The number of people sick with Ebola fever has doubled in Guinea in the past week following the discovery of cases previously unknown to health authorities, a Guinea health official said on Friday.

About two dozen new suspected and confirmed Ebola cases were recorded in the past two weeks, taking the total number to 53 as of Friday, Fode Tass Sylla, a spokesman for Guinea's anti-Ebola task force, said.

Sylla said the increase was expected because health authorities were only now gaining access to faraway villages where inhabitants had previously prevented them from entering.

"This increase in new case numbers is because we are now able to get to villages where we are discovering hidden sick cases," he said.

The new cases highlight difficulties authorities in the three worst-hit West African states -- Guinea, Sierra Leone and Liberia -- face in trying to curb the spread of the epidemic that has killed nearly 9,000 people.

Thought to be declining at the start of 2015, the number of new Ebola cases rose in all three countries for the first time this year in the past week, the World Health Organization said on Thursday.

Some 36 villages in the south and western forest region of Guinea, where the first case of Ebola was recorded, had previously been inaccessible to health officials because villagers sometimes used violence to stop health workers.

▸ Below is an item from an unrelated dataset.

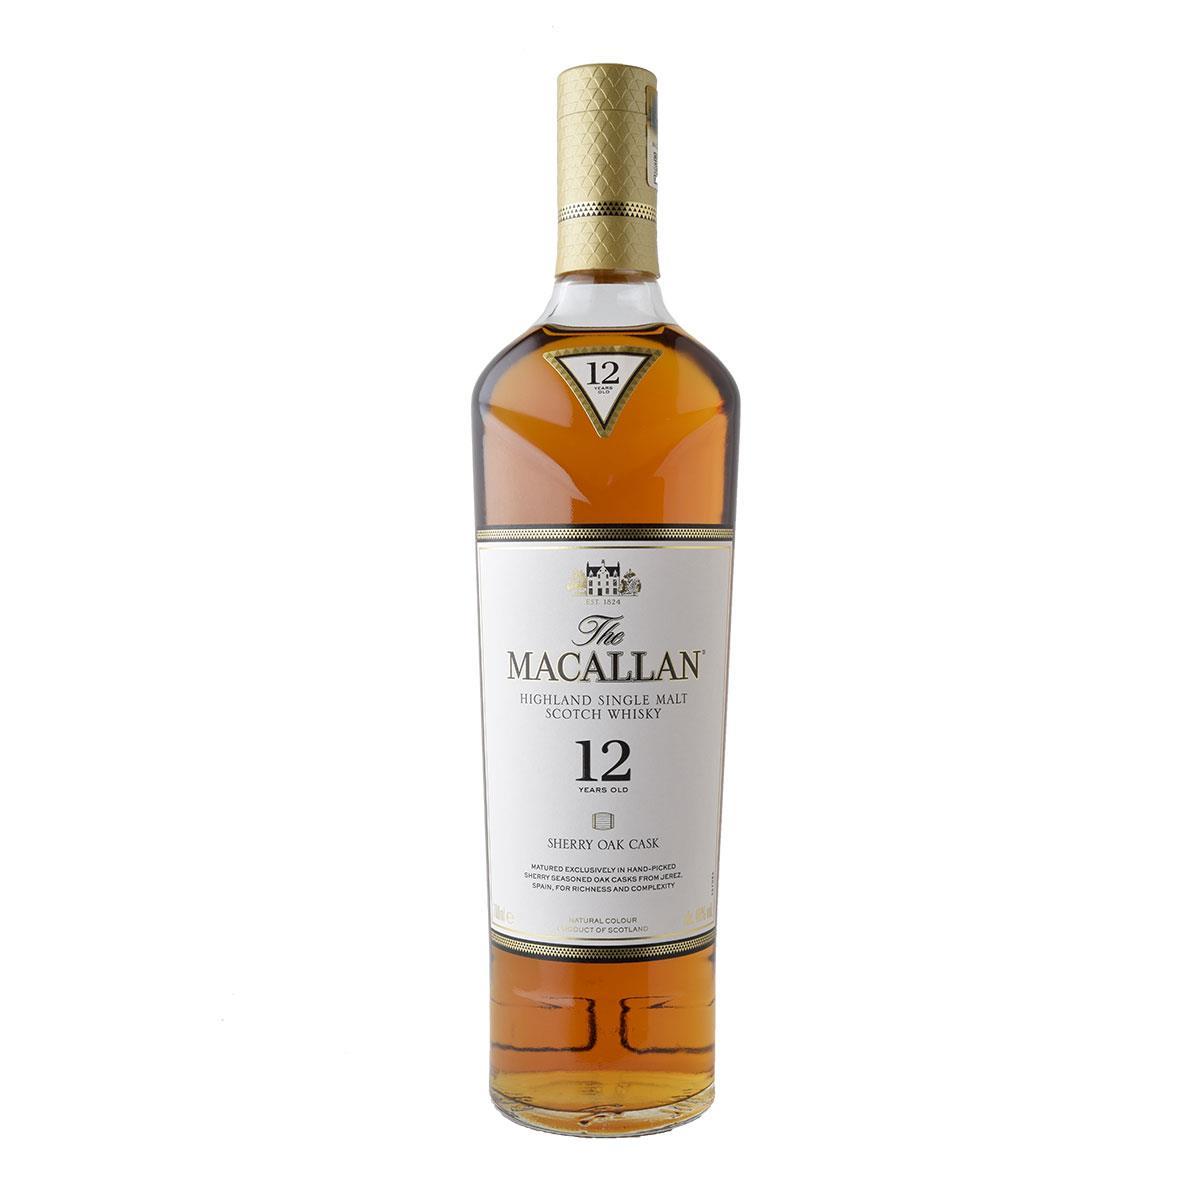 Macallan 12 y.o. Sherry Oak Cask 700ml
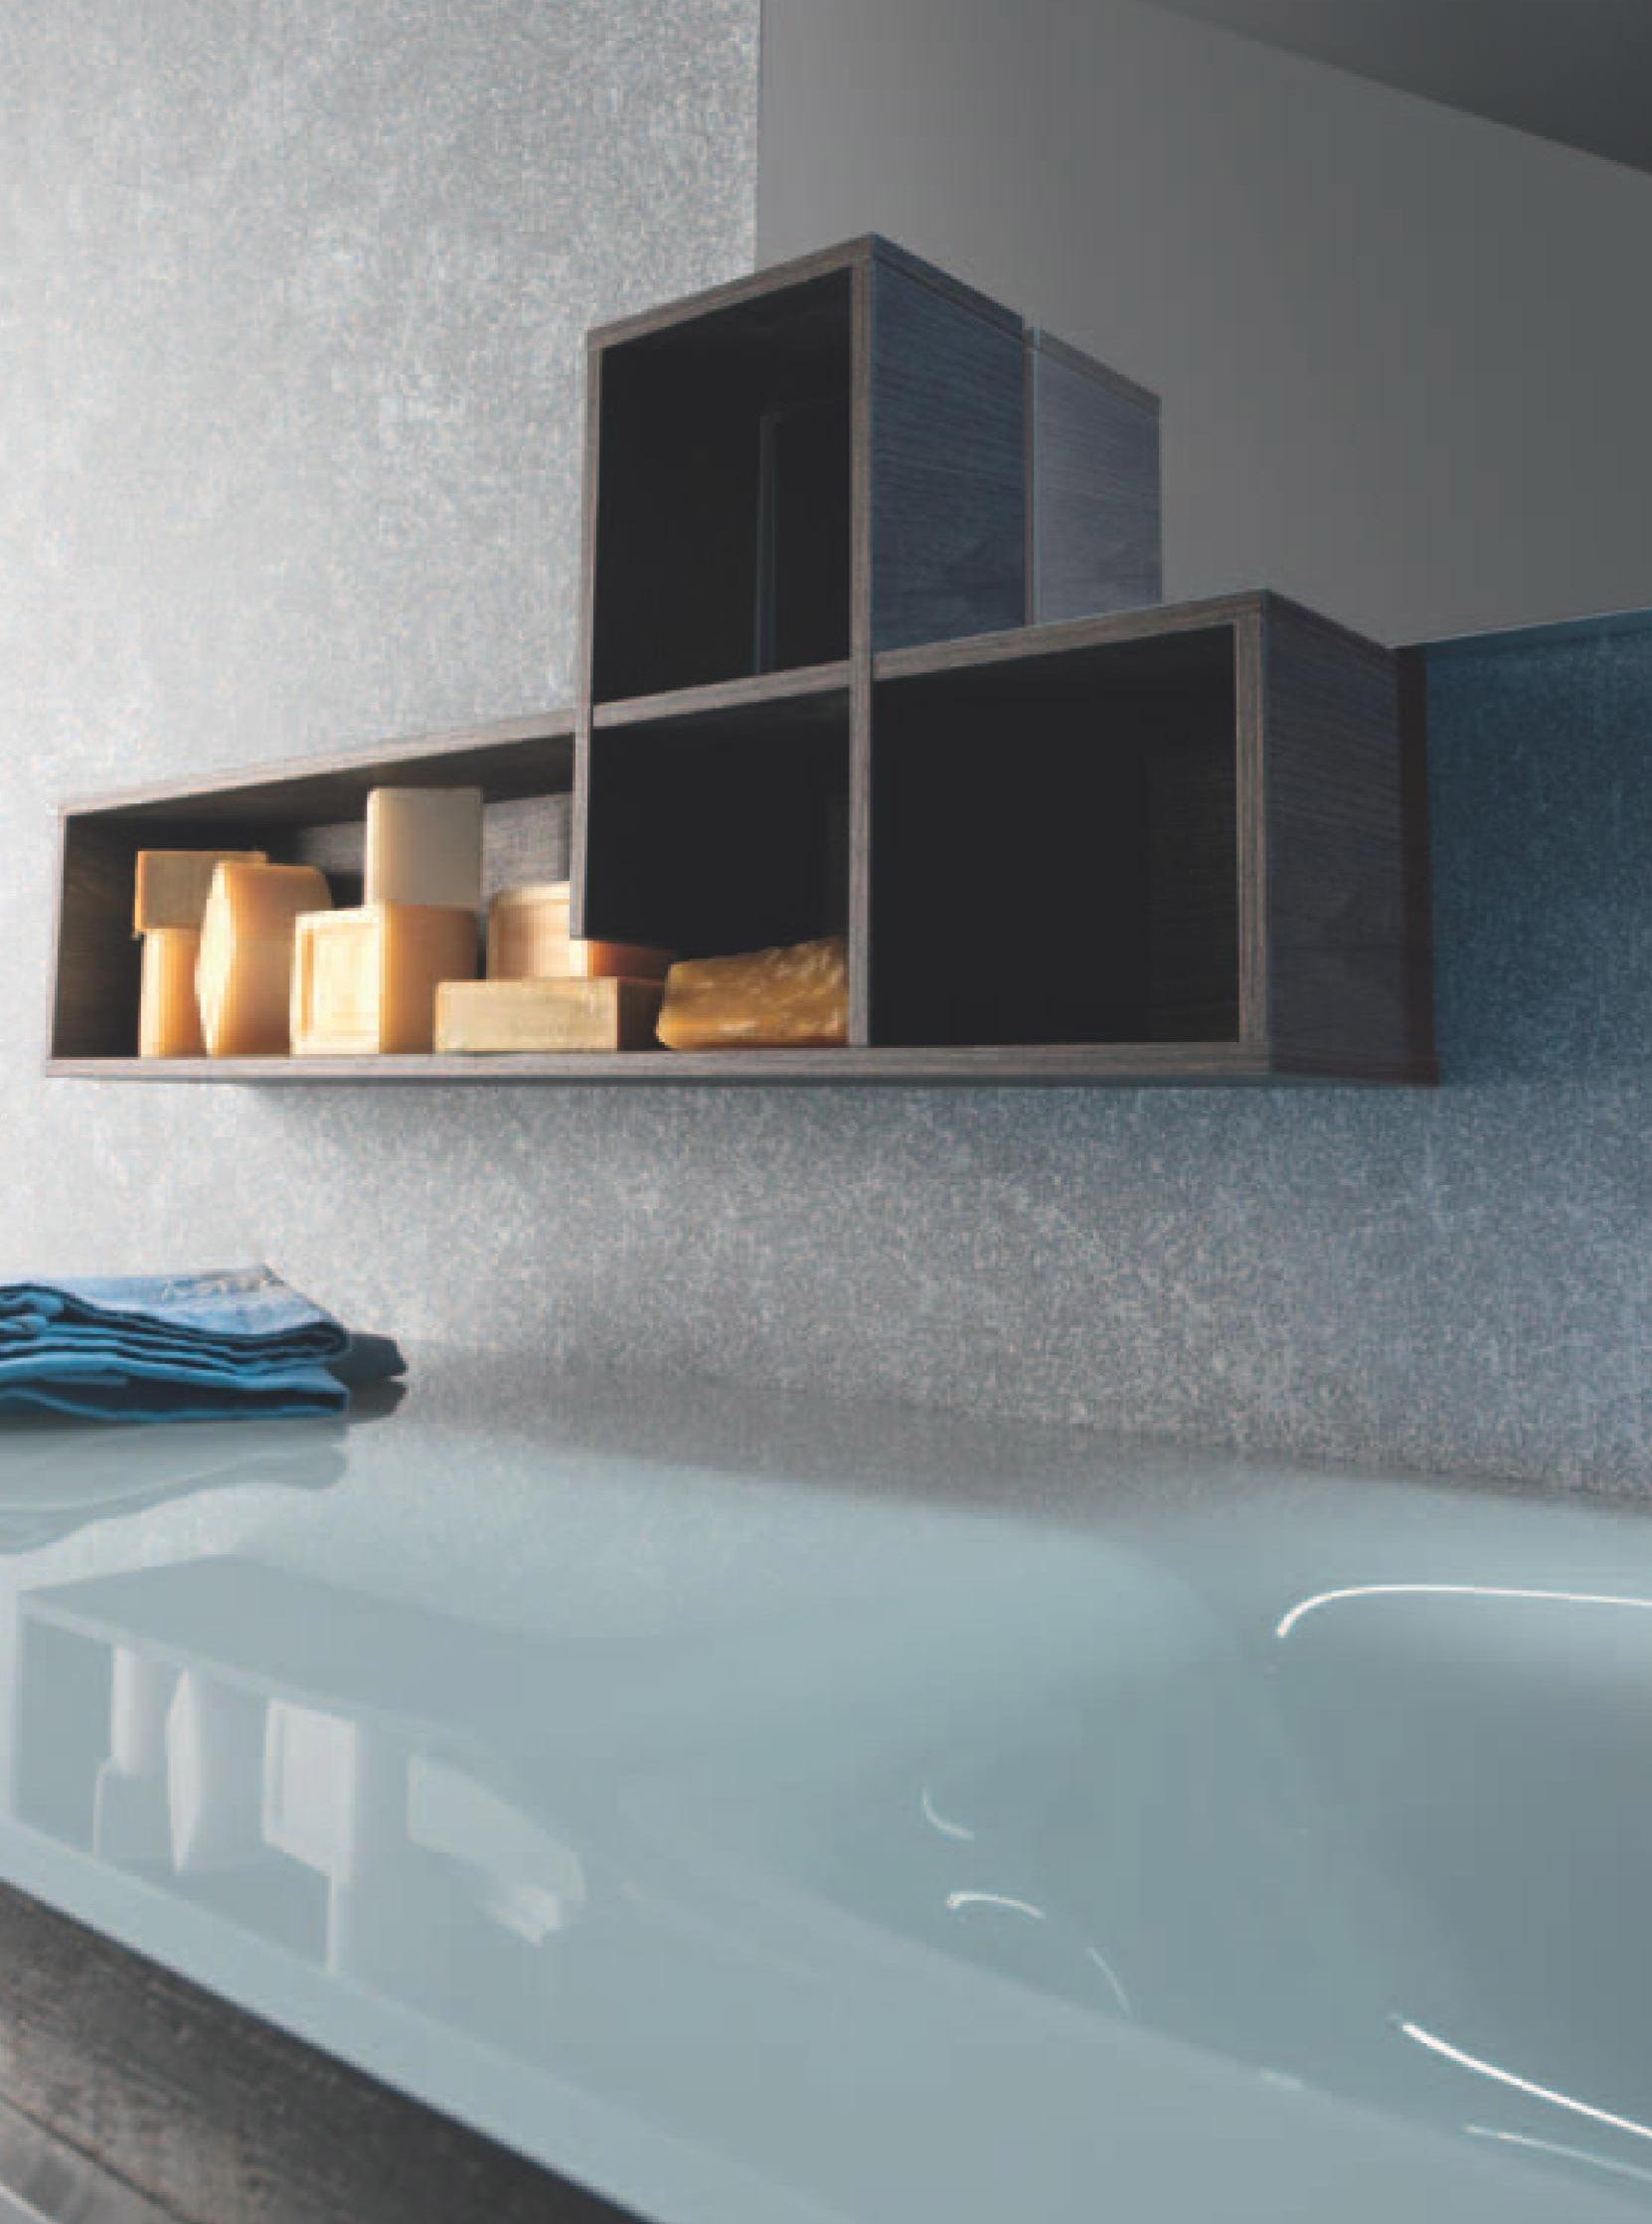 stunning azzurra mobili bagno gallery - orna.info - orna.info - Azzurra Arredo Bagno Prezzi

"Even in Conakry [Guinea's coastal capital], there are some neighborhoods such as Ratoma where we had the same kind of situation," Sylla said.

Guinea's government on January 10, set a 60-day target to completely eradicate the disease in the nation, a gold, iron ore and bauxite producer but where nearly 60 percent of the population live below the poverty line.

However, there are doubts this could be achieved due to high levels of mistrust of health authorities, the practice of traditional rituals such as burials, and general misinformation about the disease.